Anisotropic Electrical Percolation Due to Chaotic Mixing of Short Carbon Fibers and Low Density Polyethylene
S.G. Kasliwal, A.A. Ogale, D.A. Zumbrunnen, May 2001
Three-dimensional batch chaotic mixing of short carbon fibers (SCF) and low-density polyethylene (LDPE) is investigated as a means to obtain thermoplastic composites with directional electrical properties. Previous studies investigated carbon black filled systems and revealed that anisotropic electrical properties can be obtained by chaotic mixing at various filler concentrations. The present study focuses on network formation among short carbon fibers used as the conducting filler. The directional electrical properties in terms of static dissipation times and volume resistivities are related to microstructures. These properties are compared to the properties of composites obtained by conventional mixing processes.
Study of Flow Marks during Thin-Wall Injection Molding
Guojun Xu, Kurt W. Koelling, May 2001
In this paper, the effect of polymer rheology, injection speed, mold geometry, melt temperature, mold temperature and lubricant on flow marks was studied. The results show that the most important factor affecting the flow marks is injection speed. It is found that the flow marks did not occur at high injection speeds. Mold geometry also has an effect on the flow marks. However, mold temperature and melt temperature were determined to have little effect on the flow marks.
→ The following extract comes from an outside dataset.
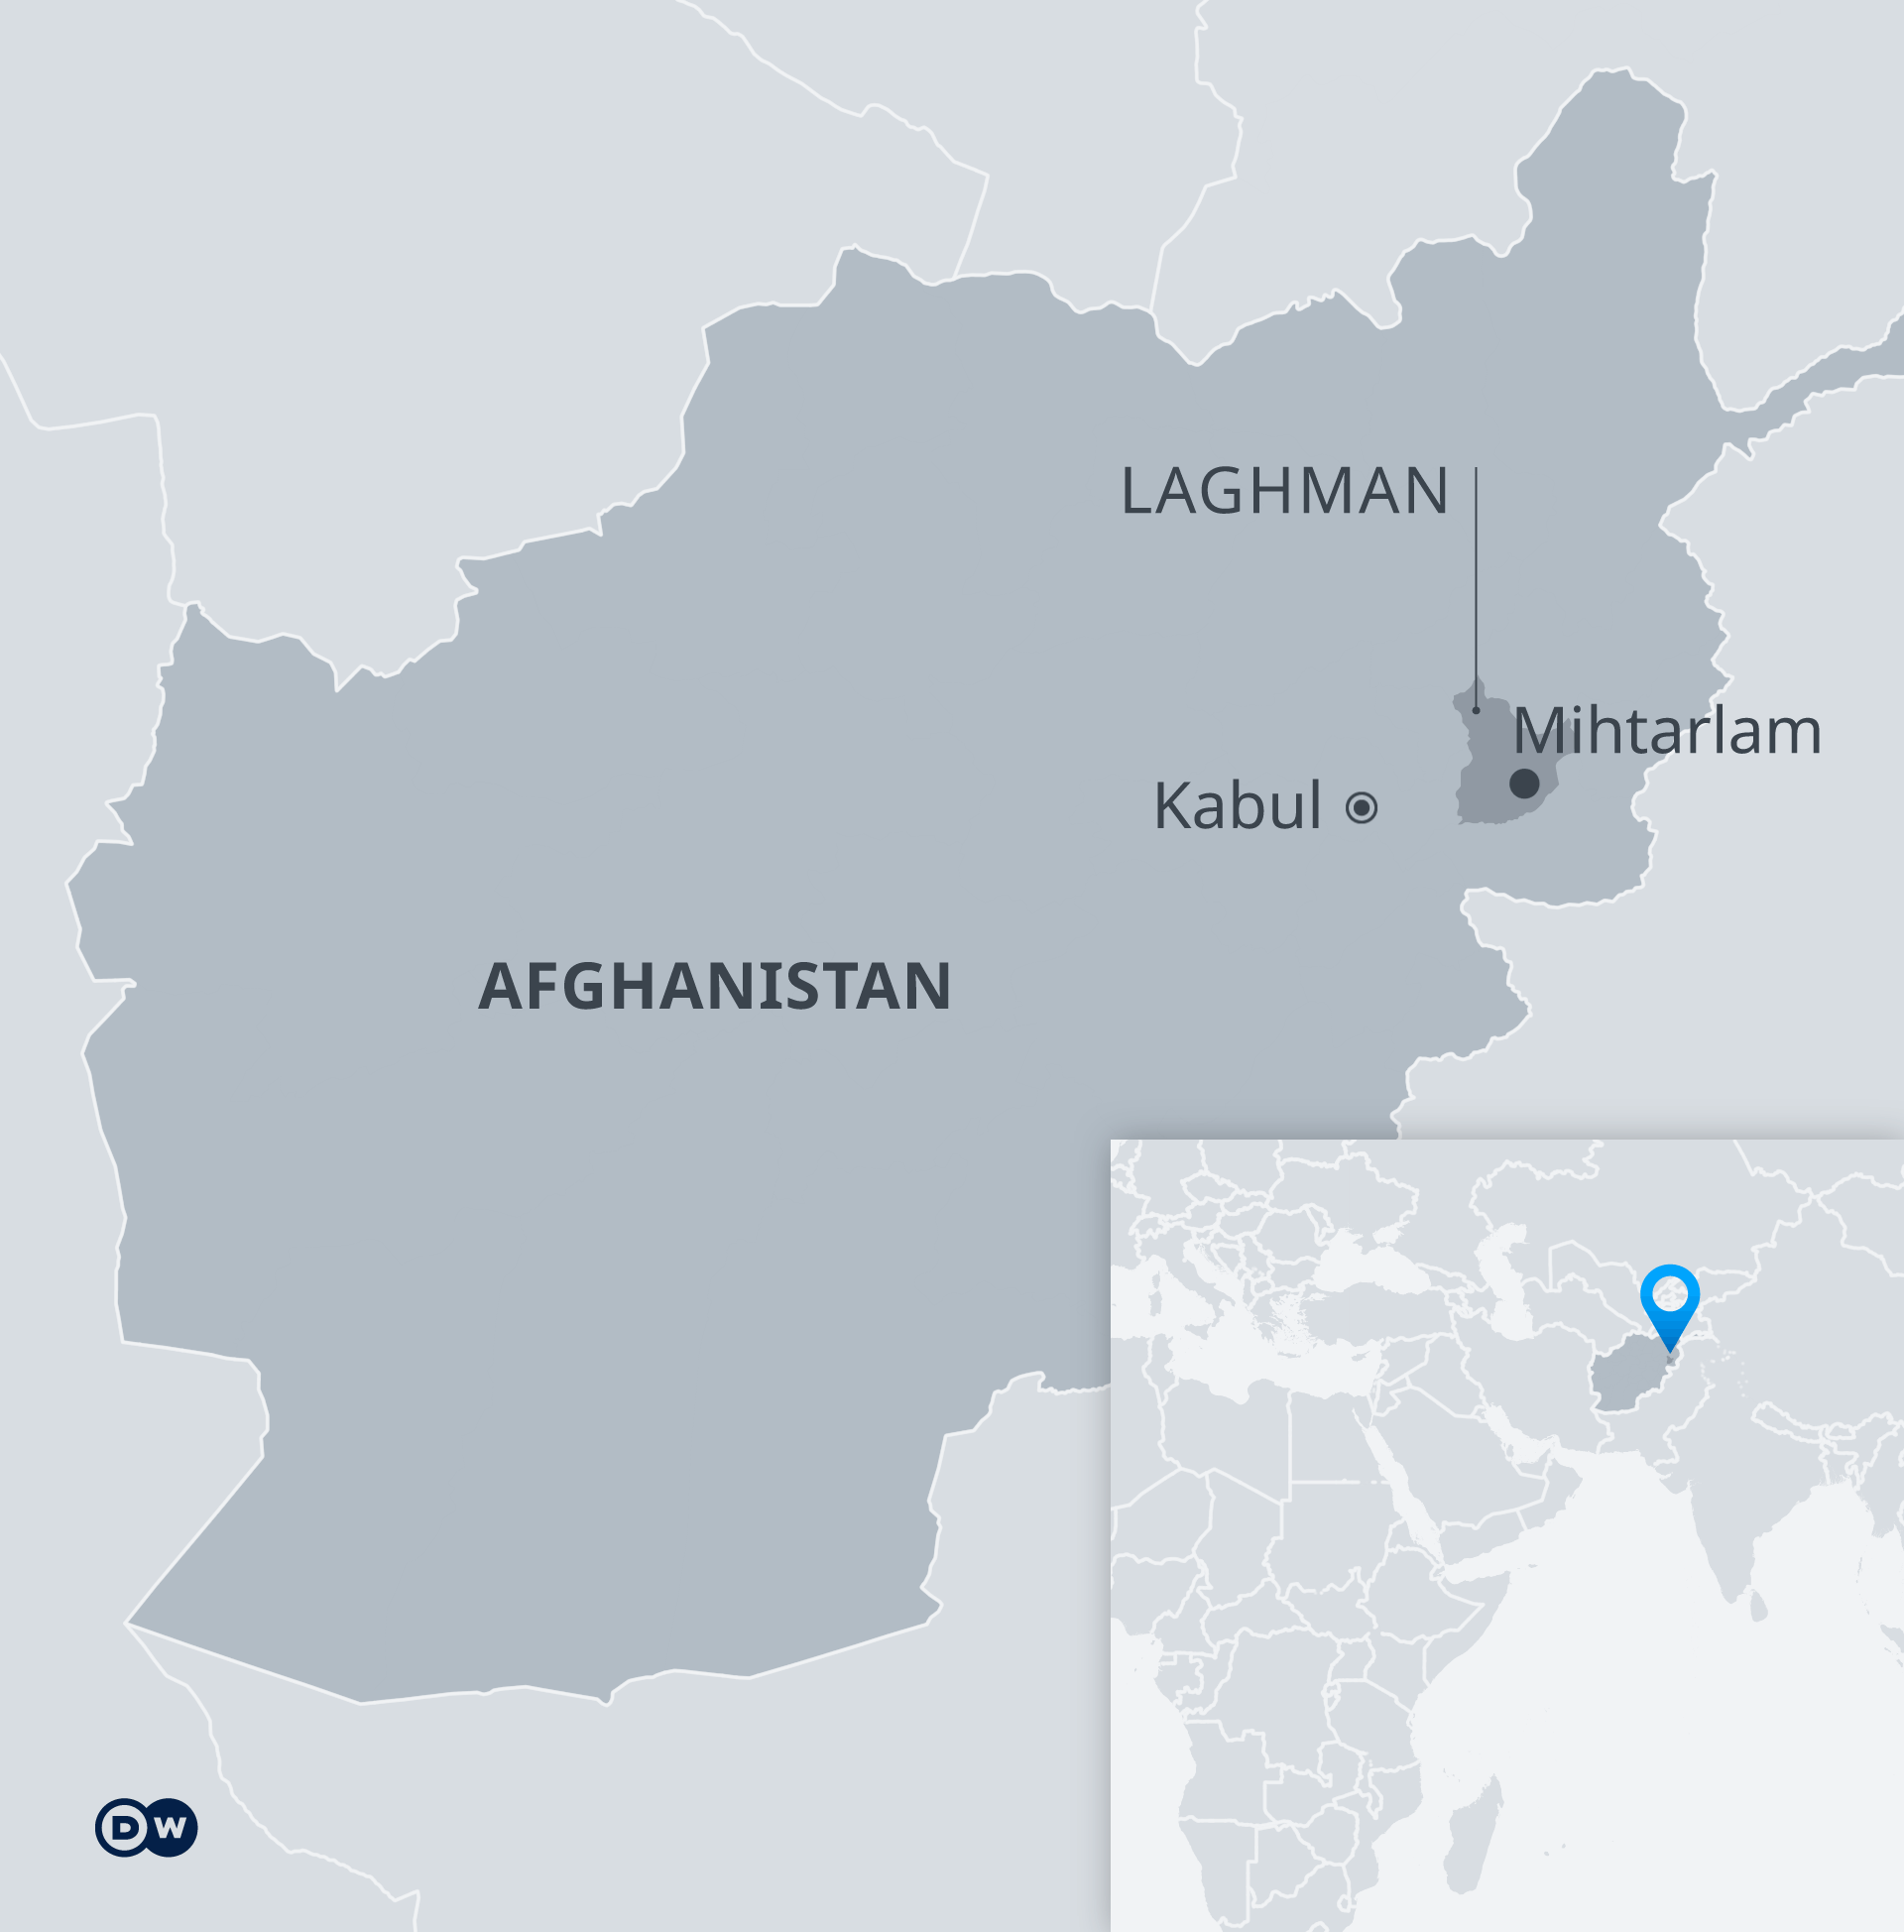 Karte Afghanistan Laghman Mihtarlam

It is also found that the polymer with the highest dynamic viscosity, elastic modulus and first normal stress difference, and longest relaxation time exhibits flow marks over the widest range of processing conditions.
Effect of Layer Orientation on the Mechanical Properties of FDM Produced ABS Test Specimens
Nicole L. Hoekstra, Bryan P. Kraft, Jeffrey L. Newcomer, May 2001
As with other forms of rapid prototyping, fused deposition modeling (FDM) creates parts by depositing a thermoplastic in layers. The mechanical properties of these parts are anisotropic due to this layering, with the part being weaker than the published material properties. Since FDM parts are sometimes used as working prototypes, it is important to understand the degree of these variations. This investigation studied the effect of six different build orientations on six mechanical properties for test parts built of ABS. While parts built on end were understandably the weakest in all tests, properties were the best for parts built on edge versus parts built flat. Also, specimens oriented parallel to the x-axis of the FDM had improved properties over specimens built with a 45° rotation, regardless of layer orientation.